驚き過ぎて声が出ない。唾も出ない。私のことを恨んでいるのだろうか、私のほうは見ない。
「結花先生、団監督、ご無沙汰しておりました。」「サリーちゃん、いつ帰って来たの?」「昨日です。Canelさんとは契約更新しなかったので…。」皆が驚いて室内がざわつく。
「まさか断って帰って来たの?」結花が驚いている。
「はいっ!どうしてもこの映画の理沙を演じたくて!パリで仕事の合間に何度も何度も読みました。」団が問う。「フランスで売ってたの?」「いえ、電子版しかなくて、美羽ちゃんに送って貰ったんです。ほら、先生のサイン入り!」初めて私を見て笑った。軽く会釈をしたが言葉が出ない。
「美羽ちゃん、知り合いだったの?」結花が驚く。「一緒に住んでましたよ!ねっ、お姉ちゃん!」「はい!」「えっ、あのレズ疑惑って?」結花が続いた。「あっ、はい!私です。でも、あれはわざとですけど。」美羽が悪びれずあっさりと答える。
「ここだけの話、あの男性とは?」脚本家から質問が飛ぶ。「残念ながら、フラれちゃいました。」沙莉がおどけて舌を出す。また、私をチラリと見た。
「何故、こんな過激な映画に出たいの?貴女なら脱がなくても引き手数多でしょ?」結花が問う。「この理沙は、私そのものだと思ったからです。きっと、私しか演じきれないと思います。」
玲の時と同じように台本を見せて演技して貰う。団が武田役で読もうとすると、沙莉が私に読んで欲しいと言った。「原作者はT先生ですから。」本と同じように沙莉の前に仁王立ちになった。沙莉がワンピースの背中のファスナーを下げた。

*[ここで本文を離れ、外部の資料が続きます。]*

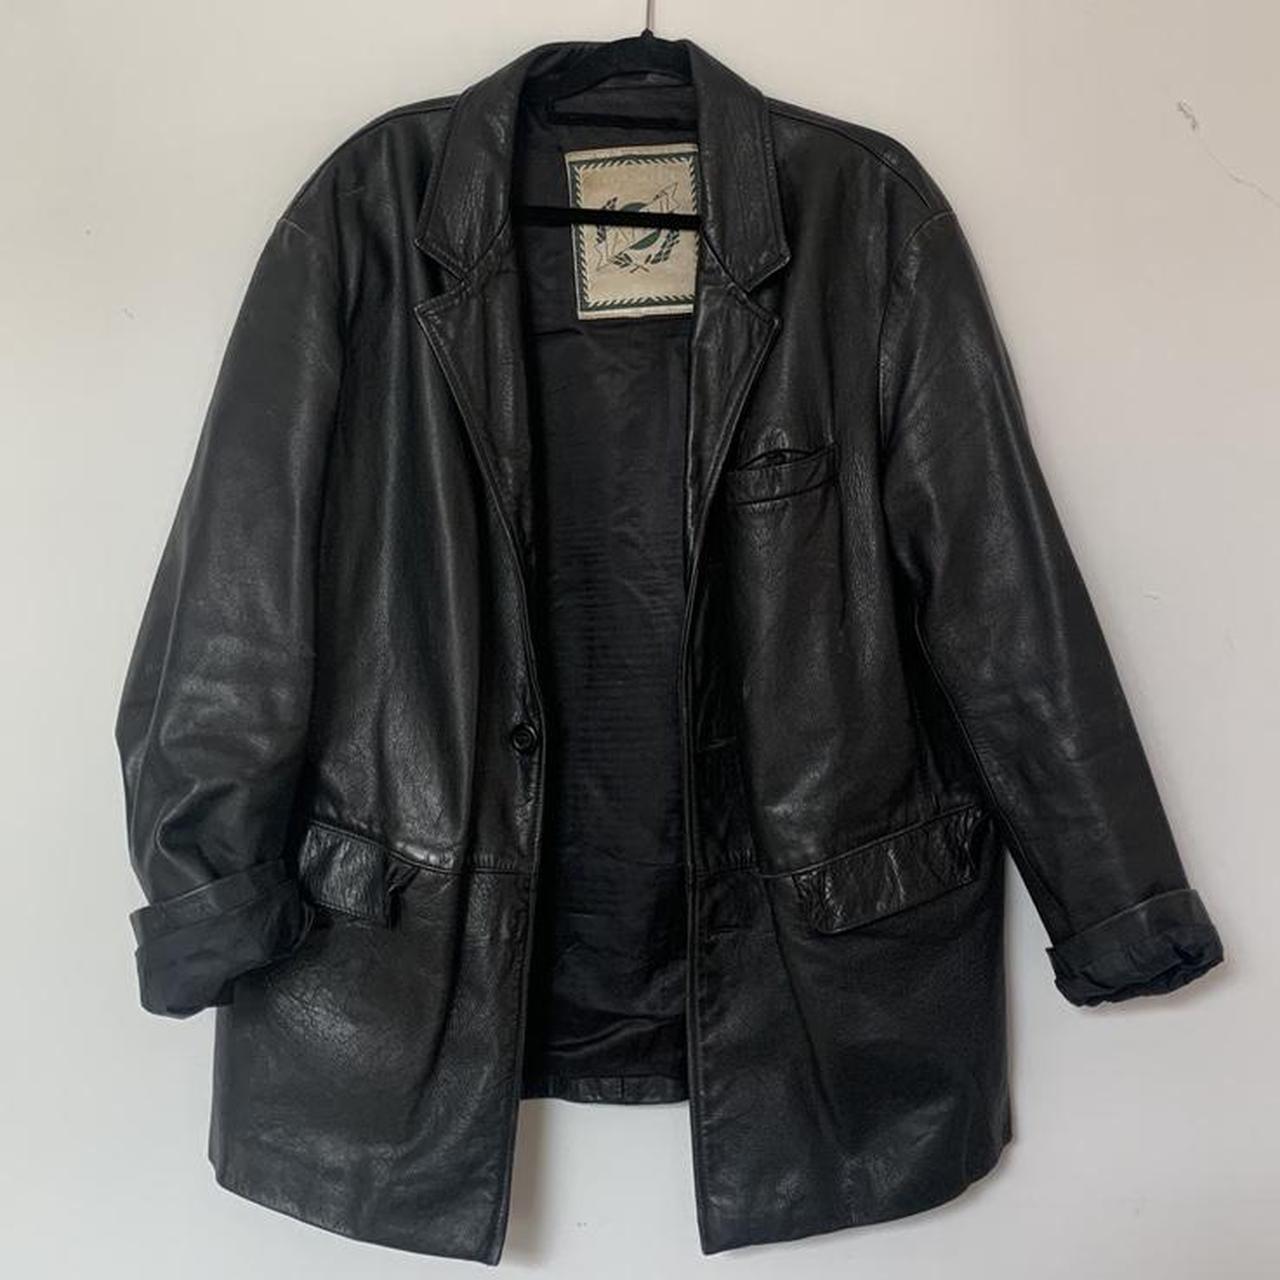 Vintage genuine leather jacket - Depop
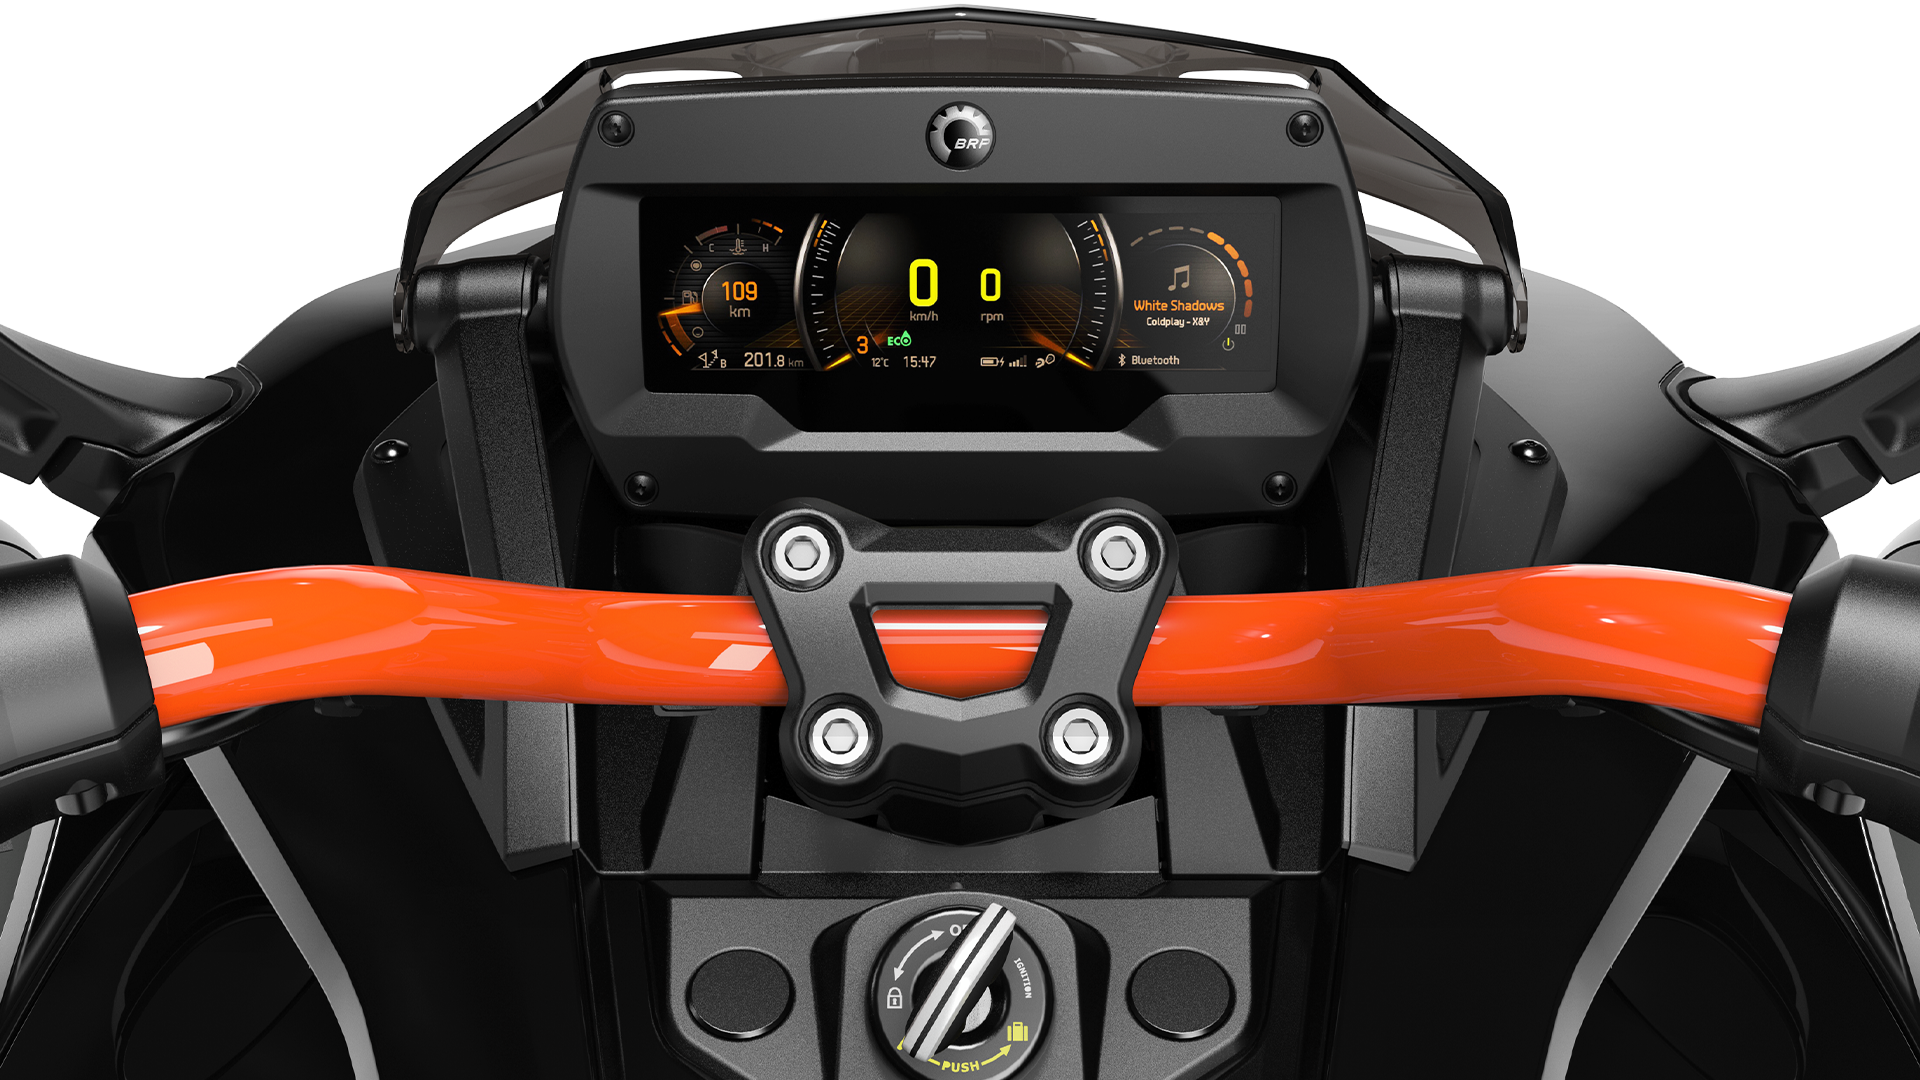 Pantalla LCD panorámica de la serie Spyder F3-S Special

「沙莉さん、そこまでしなくても!」止めようとした団を沙莉が手と目で制する。
薔薇の刺繍が入った黒いレースの下着姿になった。大きく丸い乳房、括れたウェスト、白桃のような尻、沙莉の美しさに全員が固唾を飲む。
「今から調教を始める!」思い切って昔のように強く低く声を出した。
私の前で四つん這いになり、私を見上げながら「御主人様!宜しくお願いします!」半歩前に出て私の靴に唇を付けた。
「ちょ、ちょっとお姉ちゃん!やり過ぎ!」美羽が慌てて止めに入る。
「美羽!邪魔しないで!これはまだオーディションよ!」強い眼力で美羽の動きを止める。
「そのままの流れで、御主人様に赦しを乞うの!」結花が指示して流れを作る。
「ひぃー、もう、もうお赦しください!お願いします!」顔を上げ私を見た時、素早くウインクしたのがわかった。腰骨にすがりつき、顔を擦り付けて赦しを乞う。「何でもしますから、赦して…アアアッ…。」
沙莉の演技の迫力に会場が静まり返り、拍手が湧いた。沙莉がワンピースを着て、美羽が背中のファスナーを上げた。